The port authority aims to have information for the minister ready early next year, and hopes Ottawa’s decision can be made before next summer.
The plan for a second container terminal at Roberts Bank has met opposition from the local community and environmental protection groups. Critics argue that a major expansion at Vancouver is not necessary, after Ottawa gave the green light to expand container operations at Prince Rupert port in June.
Another steadfast opponent is Global Container Terminals (GTC), which operates Vancouver’s Deltaport and Vanterm container facilities.
It says plans to expand its Deltaport facility could meet the port’s needs for increased capacity, at lower cost and with less environmental impact. GTC wants to extend a berth and ramp up capacity by 2m teu.
And last week GTC announced it had obtained approval for the initial project description (IPD) of its plans from the Impact Assessment Agency of Canada and from the provincial Environmental Assessment Office.
“Approval of its IPD proves GCT’s DP4 project is a serious contender to provide needed capacity in the port of Vancouver within the next decade,” the company said.
However, the VFPA has indicated that it would be beneficial to have a second terminal operator at Roberts Bank.

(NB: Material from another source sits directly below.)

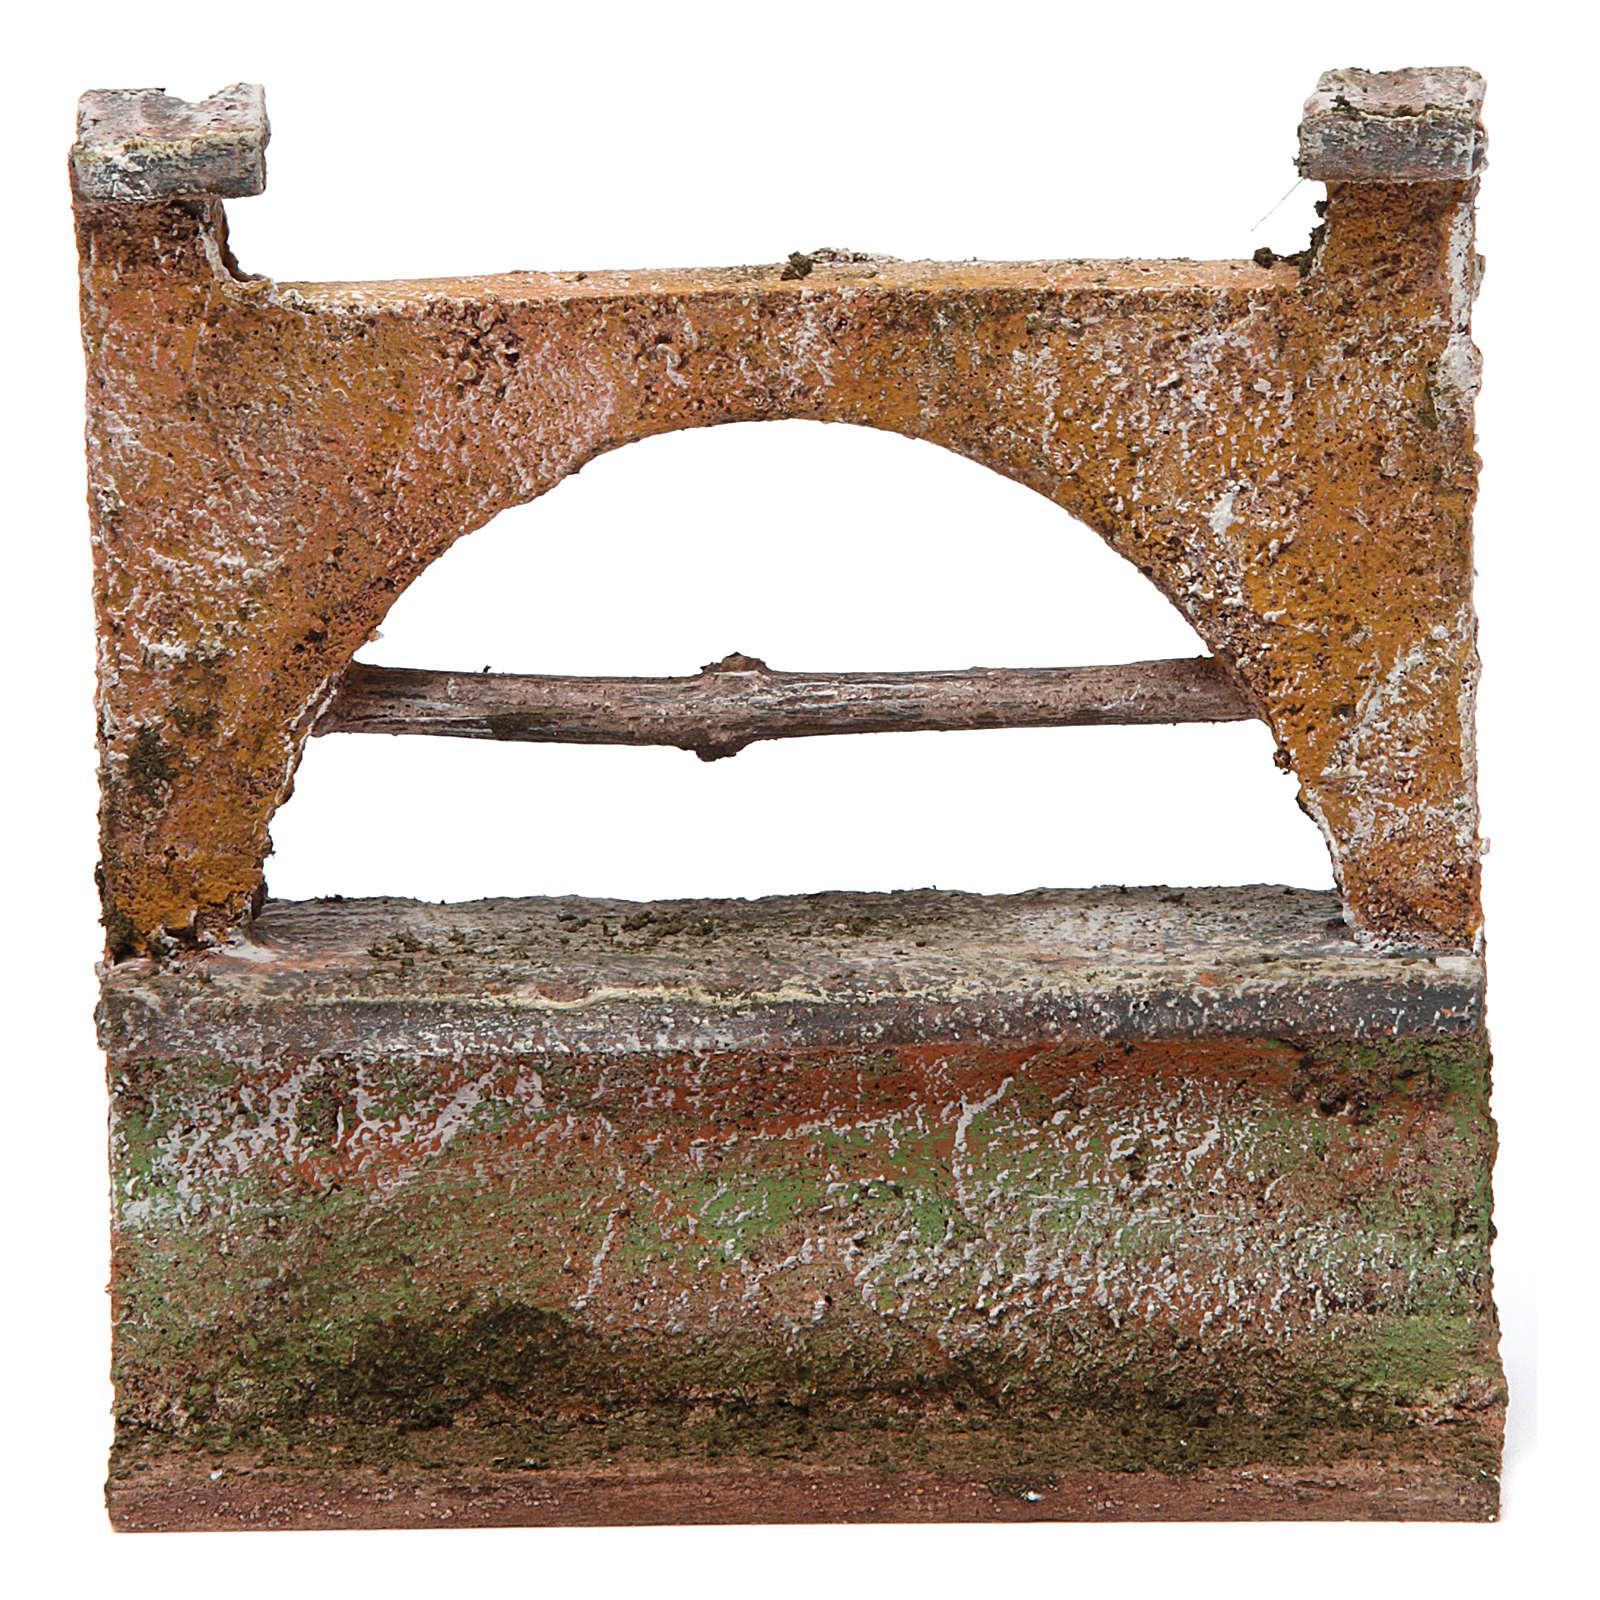 Muretto arco per presepe 12 cm 15x5x10 cm 4

According to Resilience360, Canada’s Pacific ports of Vancouver and Prince Rupert stand to attract more US-bound traffic that currently moves through US west coast ports. A new study by Mercator found that the two Canadian ports had been successful in attracting discretionary US-bound cargo over the past decade and were poised for further gains.
Thanks to shorter sailing times from Asia and lower terminal and rail costs (as high as $600 per container), they could attract as much as 15% of the cargo that is currently entering the US through California and the Pacific north-west, if they could add capacity to handle at least 400,000 teu of new traffic by 2022, the authors concluded.